> **Given material**:
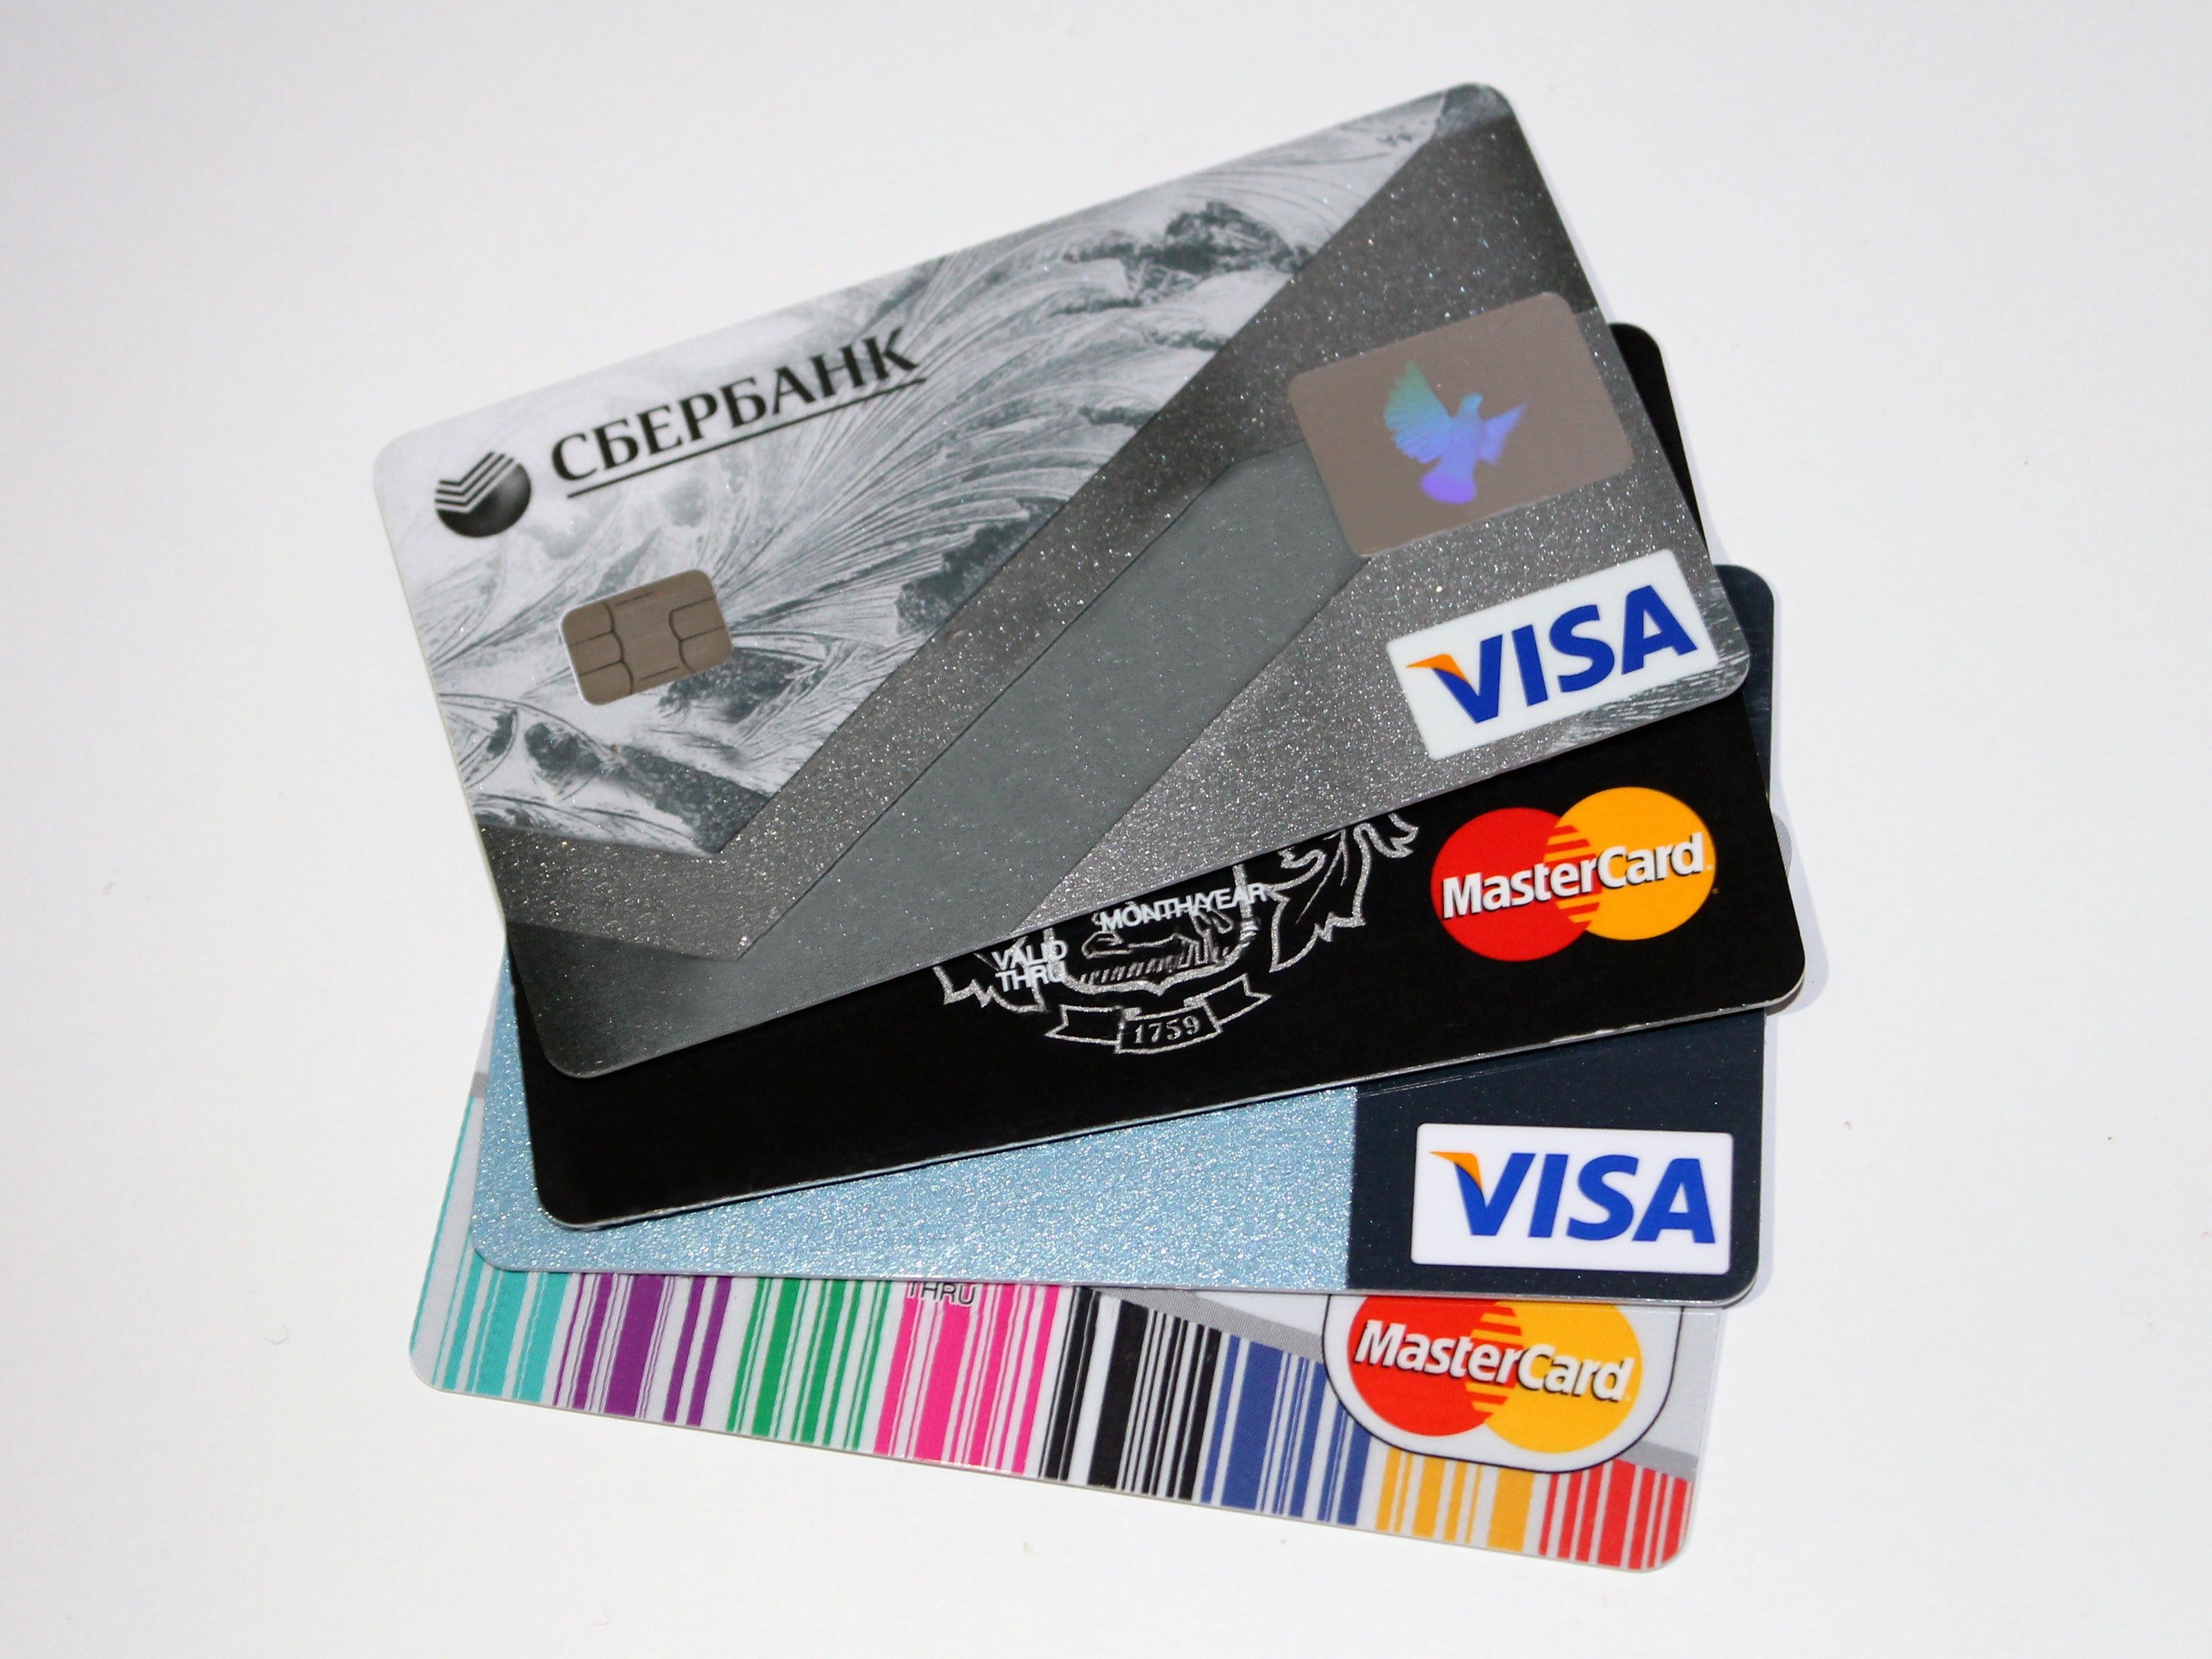 credit-cards
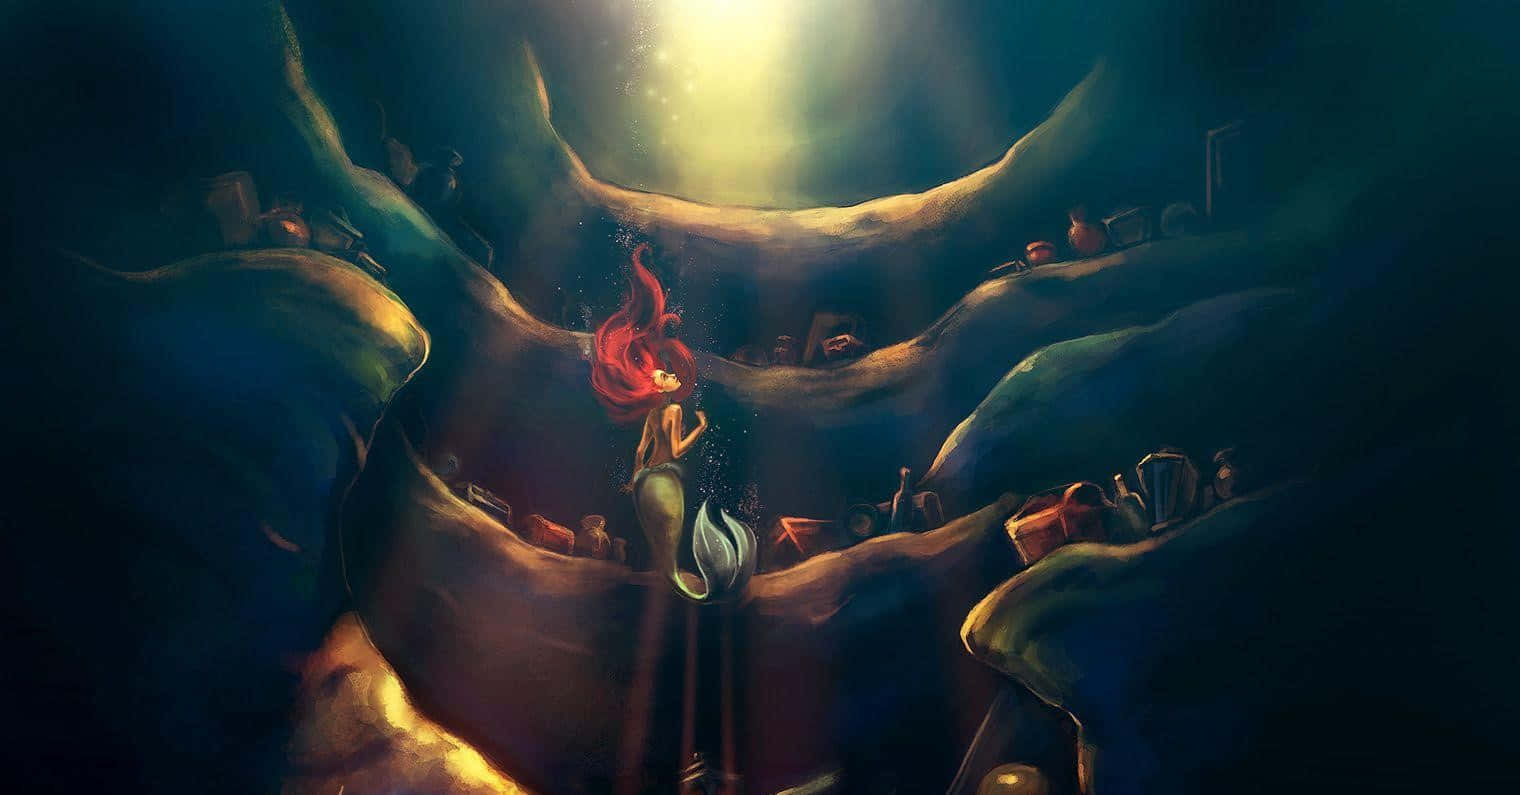 En magisk øjeblik fra Disneys Den lille Havfrue. Wallpaper
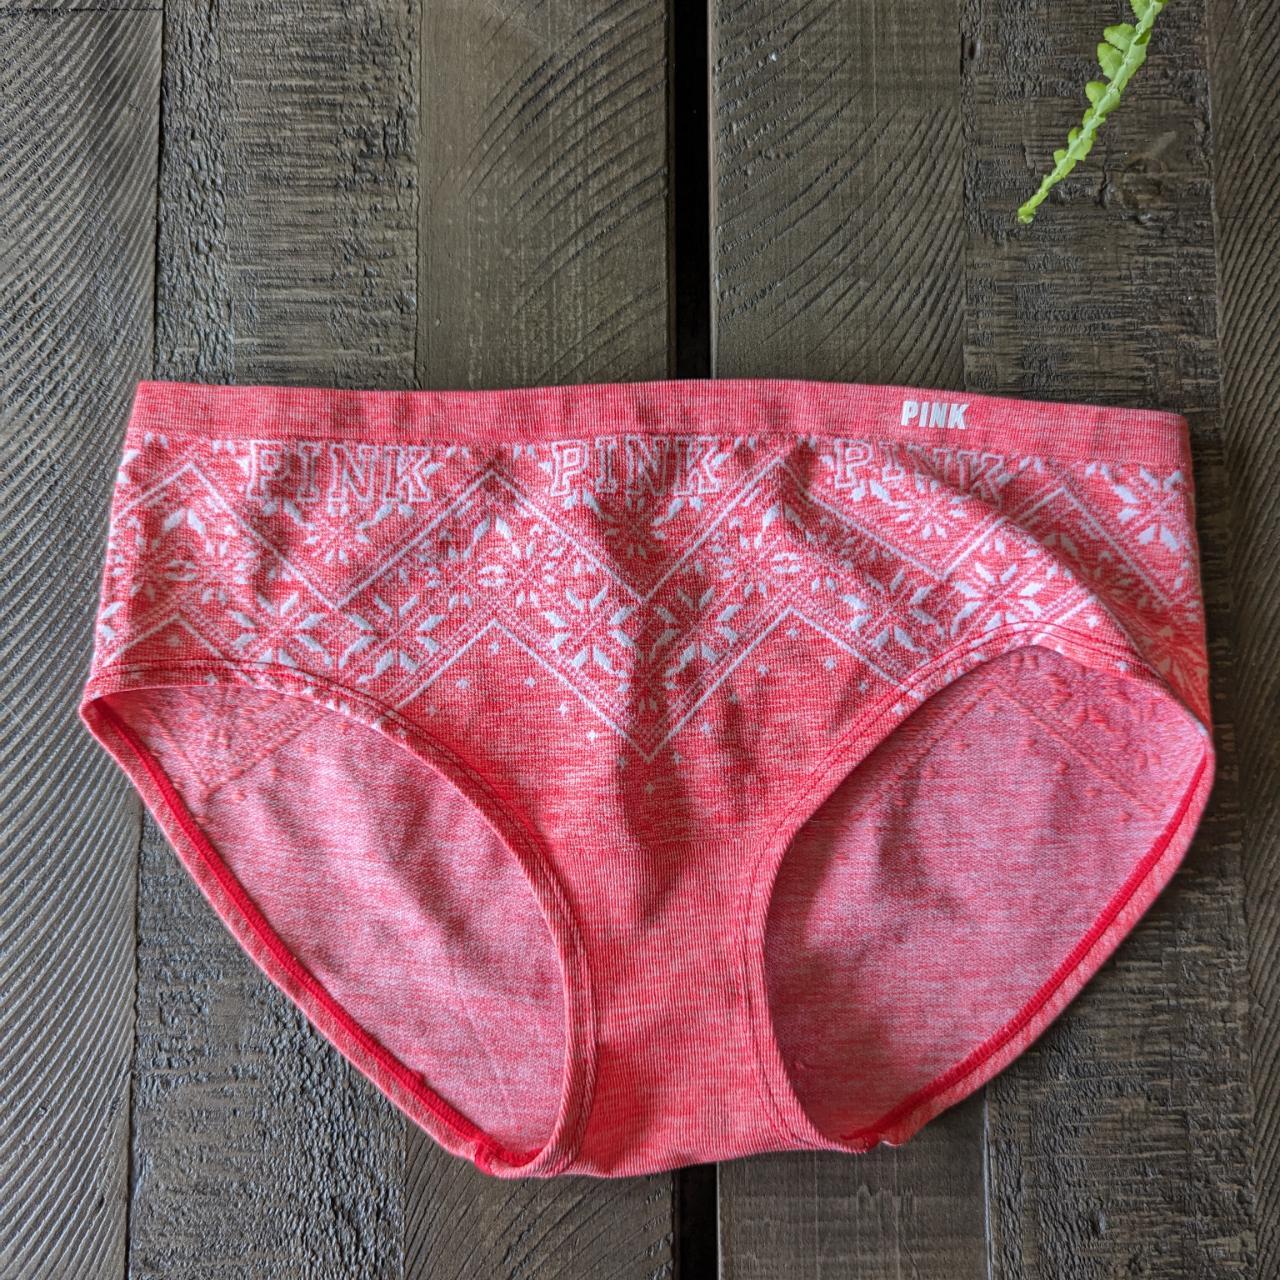 NWOT Pink Victoria's Secret Panty
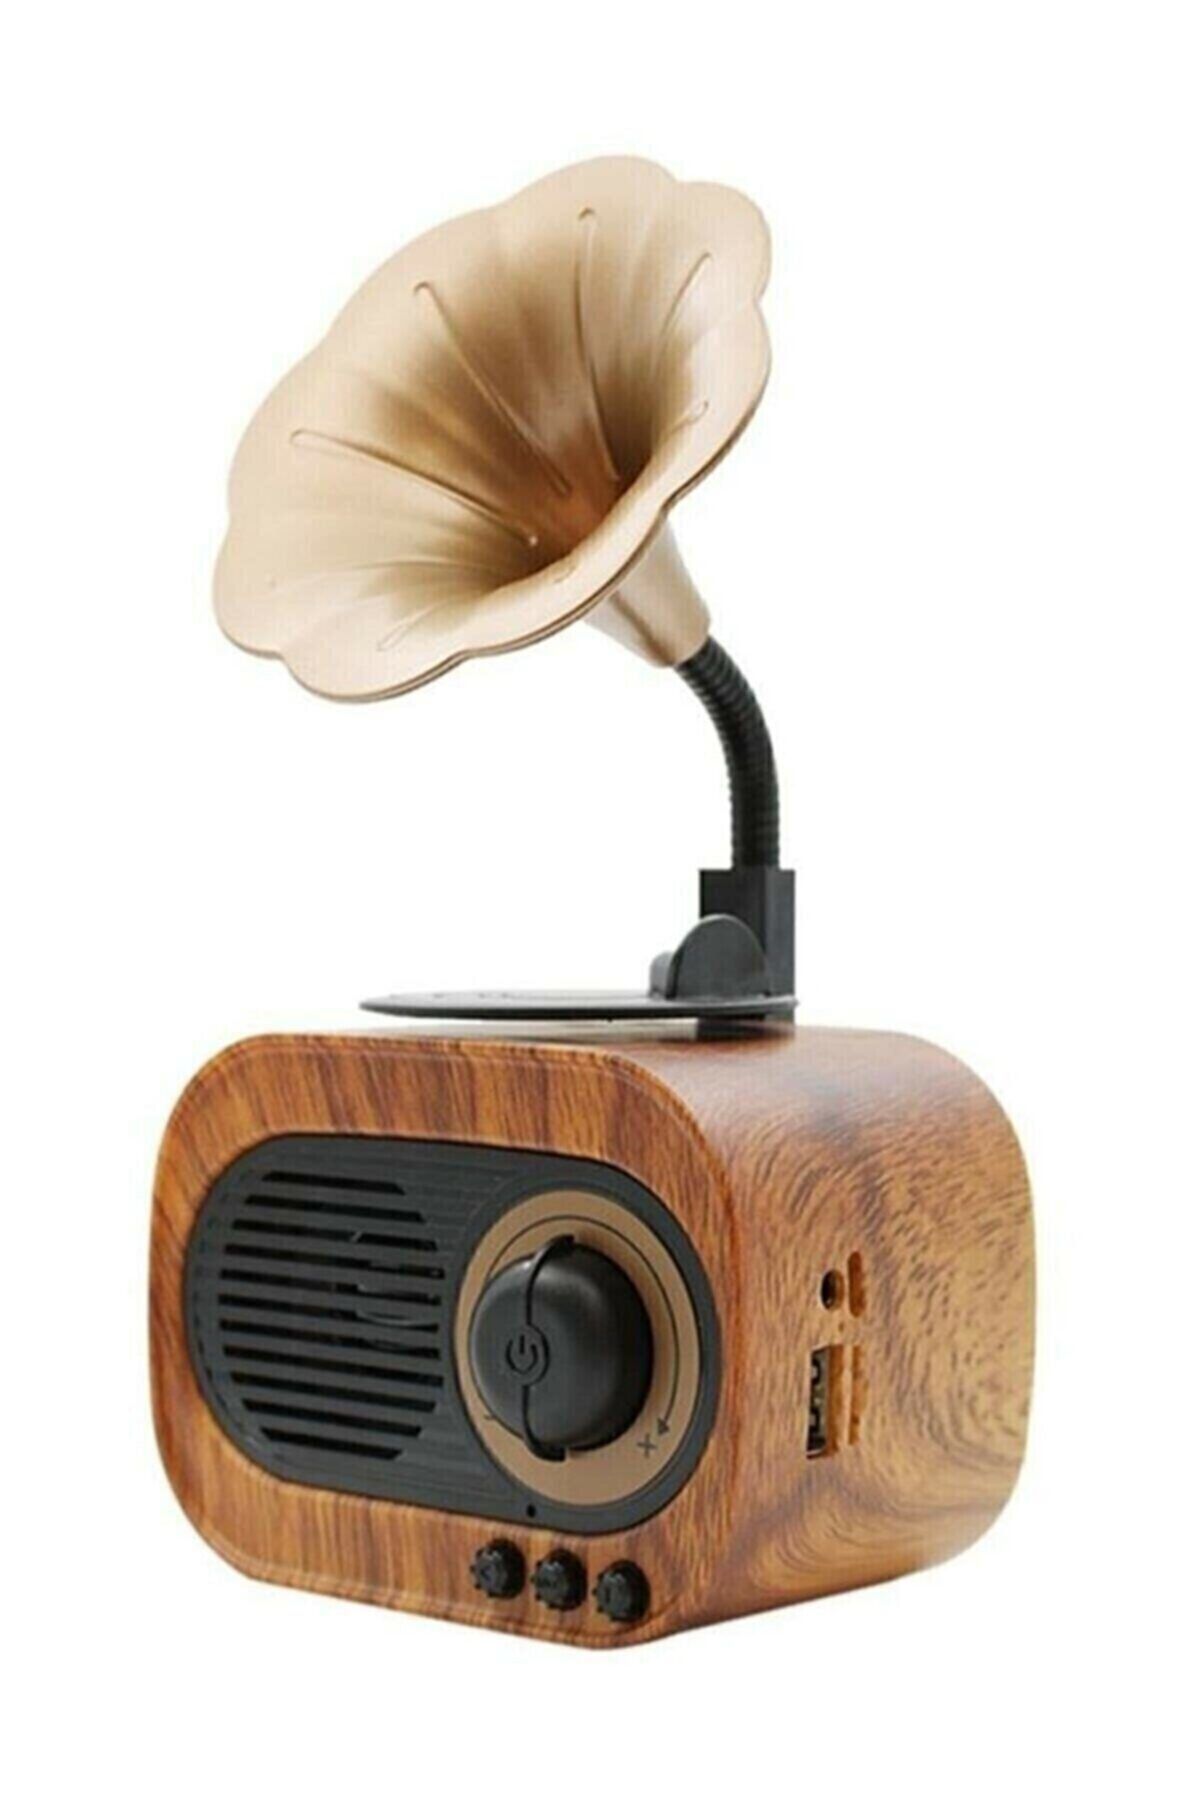 TECHNOMEN B5 Nostaljik Mini Radyo Gramofon Bluetooth Hoparlör Fm Usb Sd Yüksek Ses Speaker

> **Exercise aim**: Your copy of the listing should match it exactly, apart from the pictures, which are left out.

> **Task response**:
 credit-cards
 En magisk øjeblik fra Disneys Den lille Havfrue. Wallpaper
 NWOT Pink Victoria's Secret Panty
 TECHNOMEN B5 Nostaljik Mini Radyo Gramofon Bluetooth Hoparlör Fm Usb Sd Yüksek Ses Speaker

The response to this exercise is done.